Bioinformatics

The NWGC has the necessary computational infrastructure to manage, store, and share the vast amounts of data generated by large-scale sequencing projects. We’ve developed and implemented an automated pipeline for processing data from our Illumina, Element, PacBio, and Oxford Nanopore sequencers. Our RNA and DNA pipelines, designed for major national programs such as AoU, TOPMed, GREGoR, and SMaHT, efficiently map data to reference genomes, conduct quality control, identify variants (including SNVs, Indels, and SVs), and provide annotation from national databases.

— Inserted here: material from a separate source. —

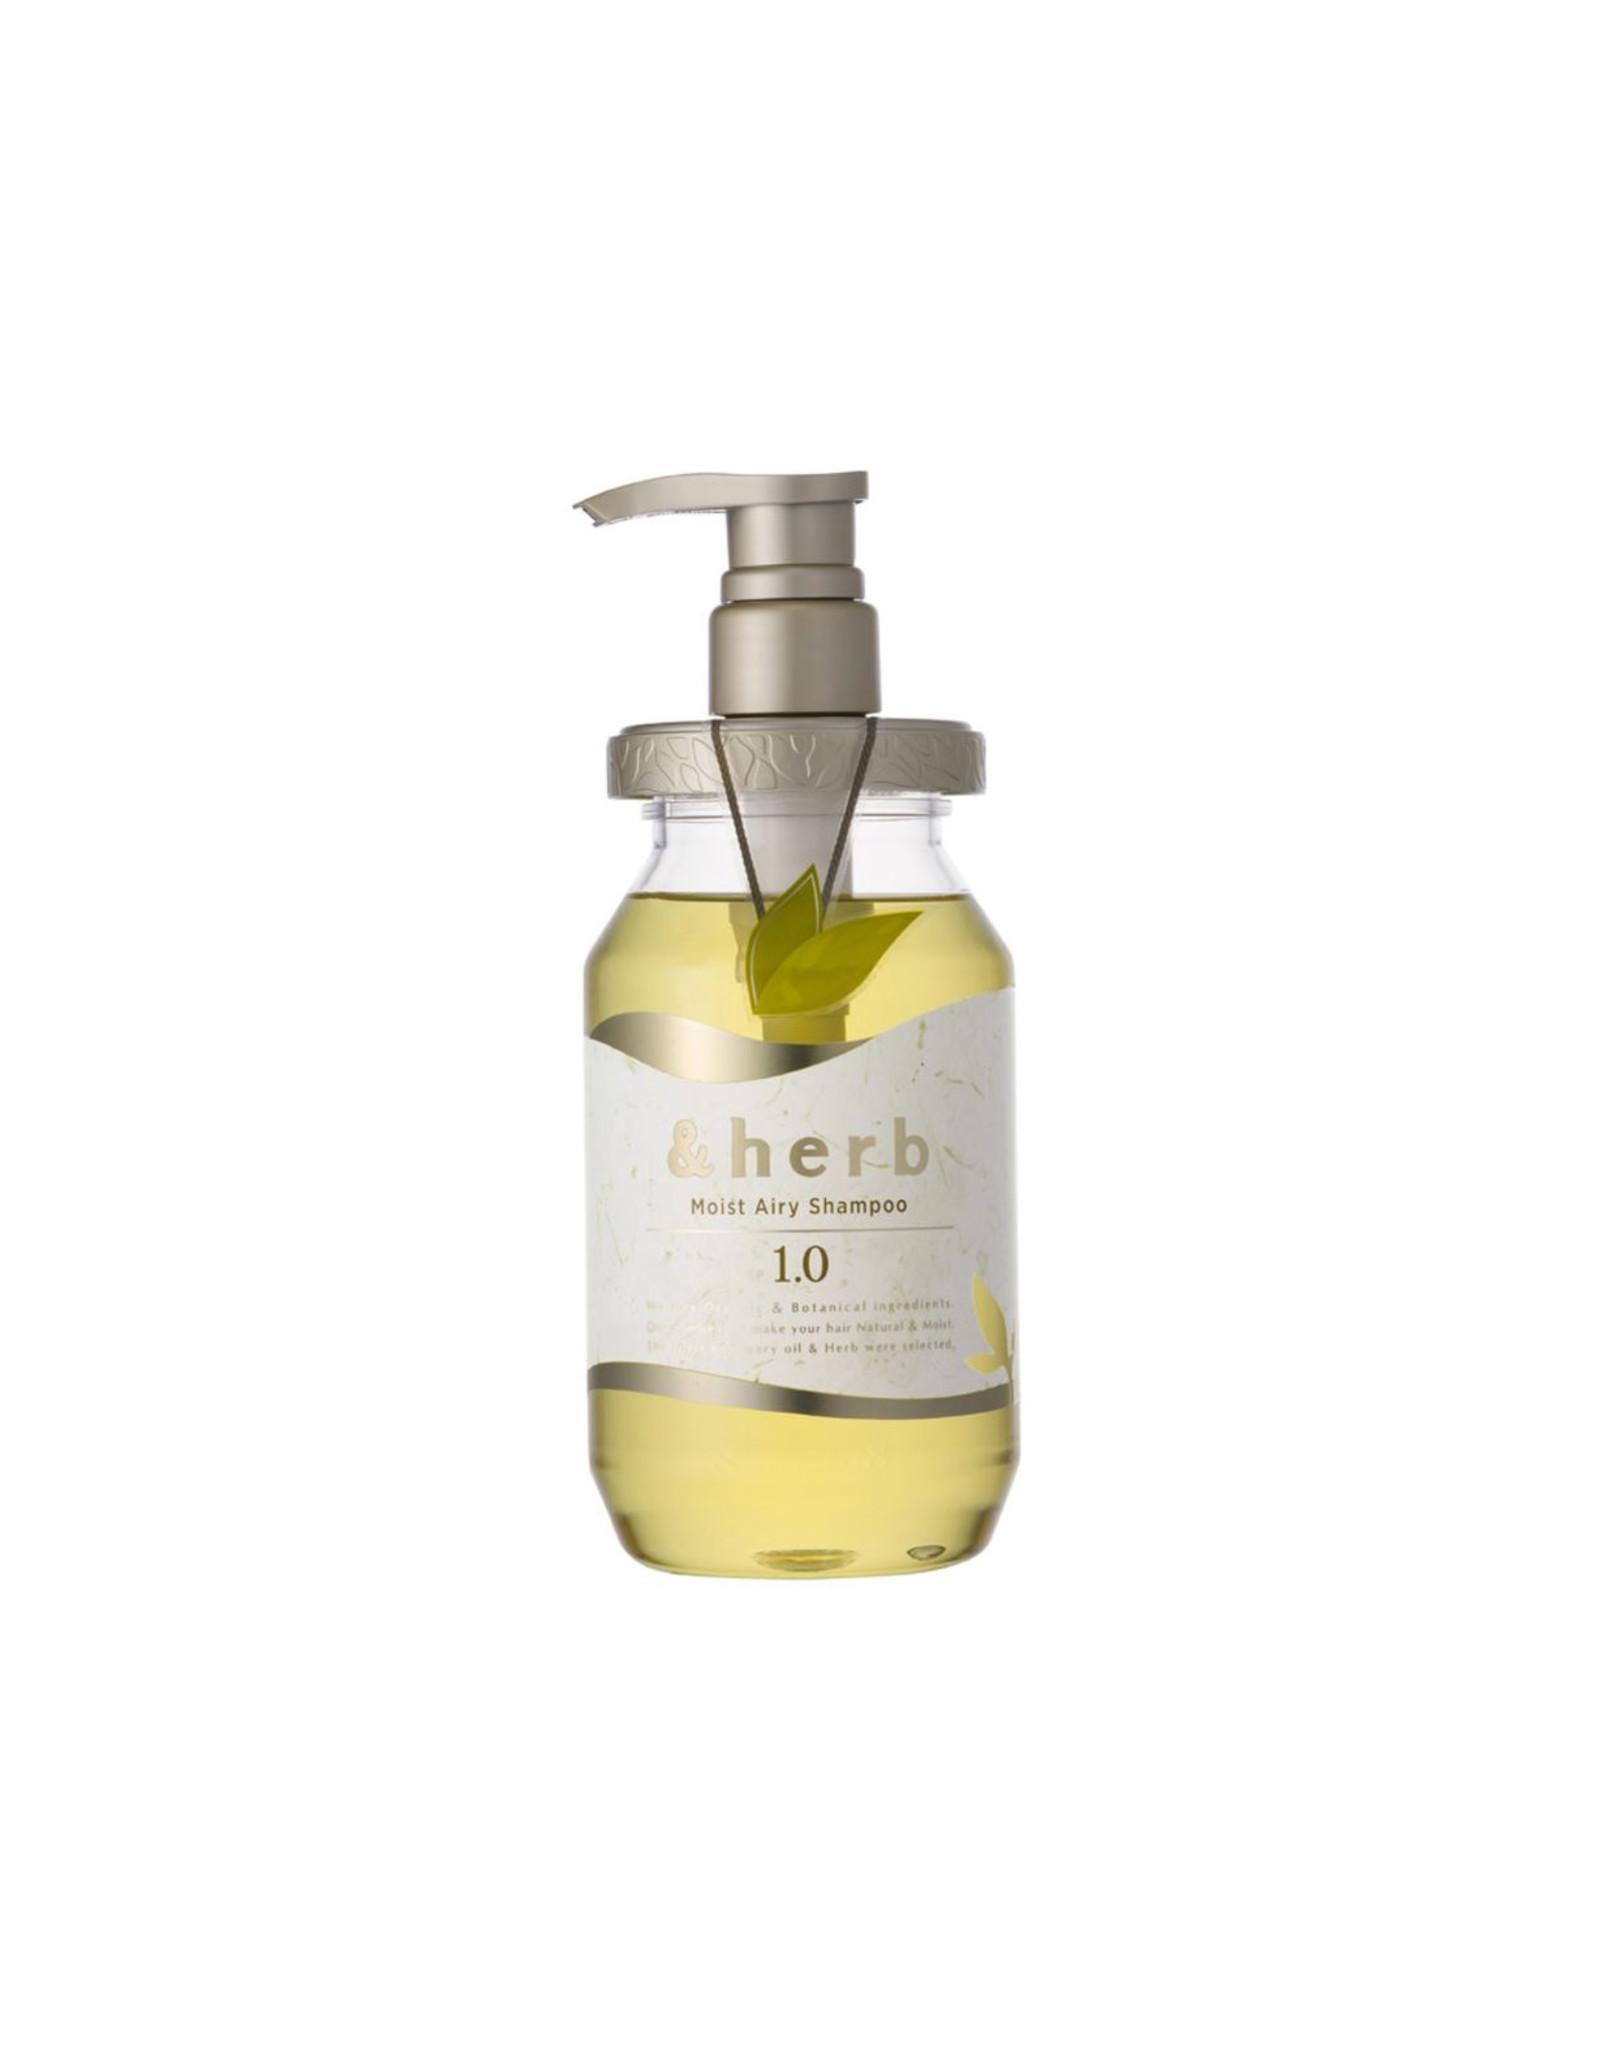 Vicrea Herb Moist Airy Shampoo 1.0 480ml
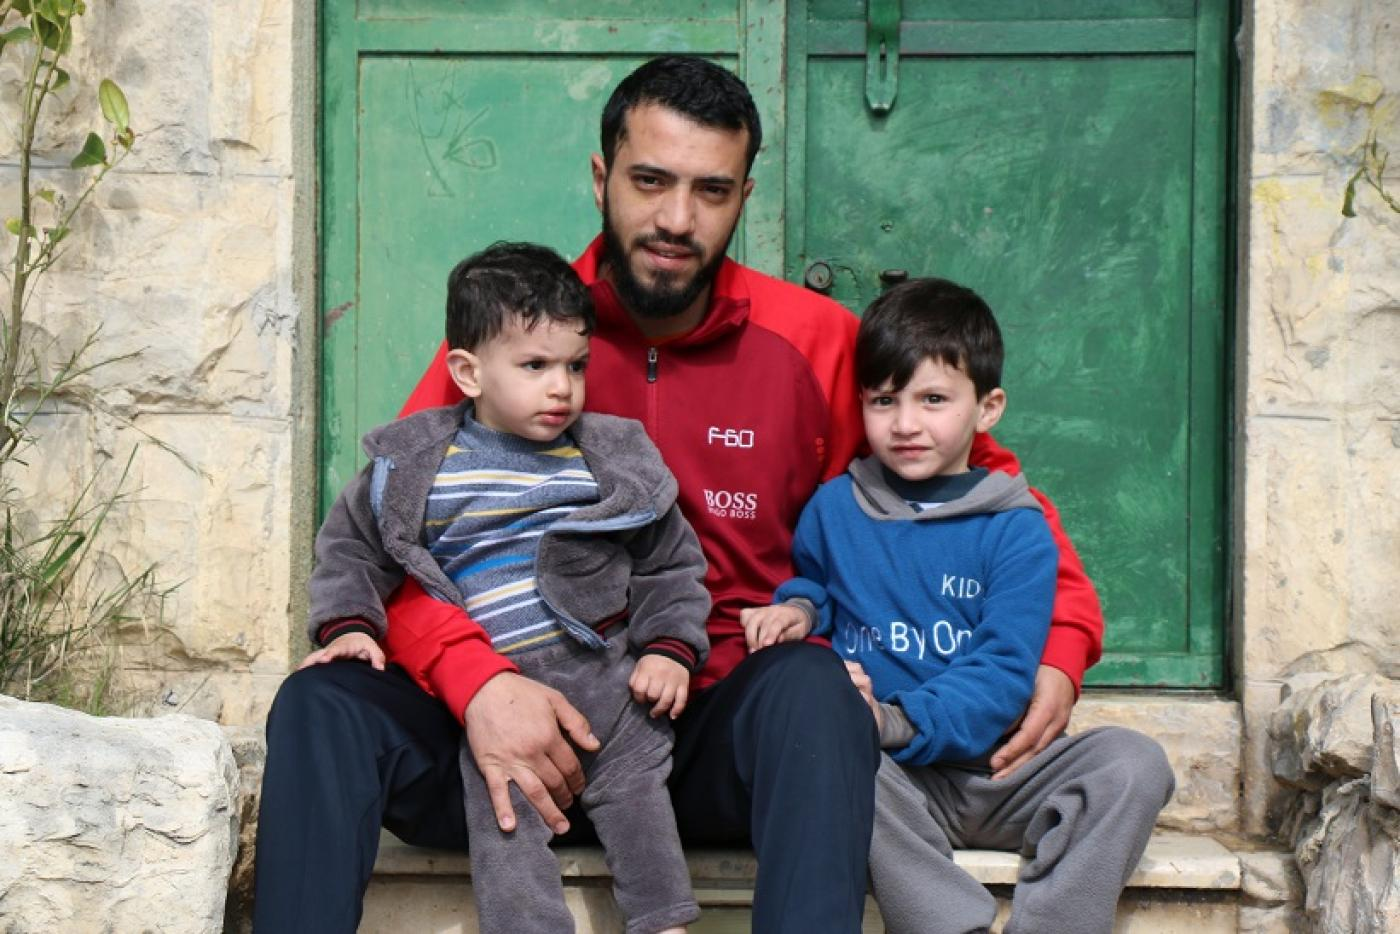 Abdel Qader Abou Srour et ses deux jeunes garçons (MEE/Akram al-Waara)

We have a dedicated high-performance computing system that includes analysis cluster servers (~3,000 total CPU cores), storage (2.4PB usable), and backup system (4 LTO-8, 12 LTO-7 and 4 LTO-6 drives, 12/6TB/2.5TB native capacity respectively) that are interconnected with high-speed, low-latency 10GbE, 40GbE, and 100GbE allowing data to be quickly moved through the analysis pipeline. Our dedicated tape library ensures the required throughput for data archiving, backups, and disaster recovery. We deliver the relevant data files using our high-throughput transfer software, Globus. Our team of skilled bioinformaticians is available to support post-sequencing analysis and can provide the expertise needed to advance your research project.